| Dataset records |
========================

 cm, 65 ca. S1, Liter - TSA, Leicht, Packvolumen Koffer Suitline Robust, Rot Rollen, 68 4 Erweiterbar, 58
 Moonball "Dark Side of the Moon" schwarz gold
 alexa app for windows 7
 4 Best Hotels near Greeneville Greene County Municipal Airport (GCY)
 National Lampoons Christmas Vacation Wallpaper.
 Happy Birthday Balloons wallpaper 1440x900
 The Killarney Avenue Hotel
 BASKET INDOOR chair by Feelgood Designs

========================

| ASSIGNED TASK |
Transcribe every entry exactly, omitting nothing.

| ANSWER TO THE PROBLEM |
 cm, 65 ca. S1, Liter - TSA, Leicht, Packvolumen Koffer Suitline Robust, Rot Rollen, 68 4 Erweiterbar, 58
 Moonball "Dark Side of the Moon" schwarz gold
 alexa app for windows 7
 4 Best Hotels near Greeneville Greene County Municipal Airport (GCY)
 National Lampoons Christmas Vacation Wallpaper.
 Happy Birthday Balloons wallpaper 1440x900
 The Killarney Avenue Hotel
 BASKET INDOOR chair by Feelgood Designs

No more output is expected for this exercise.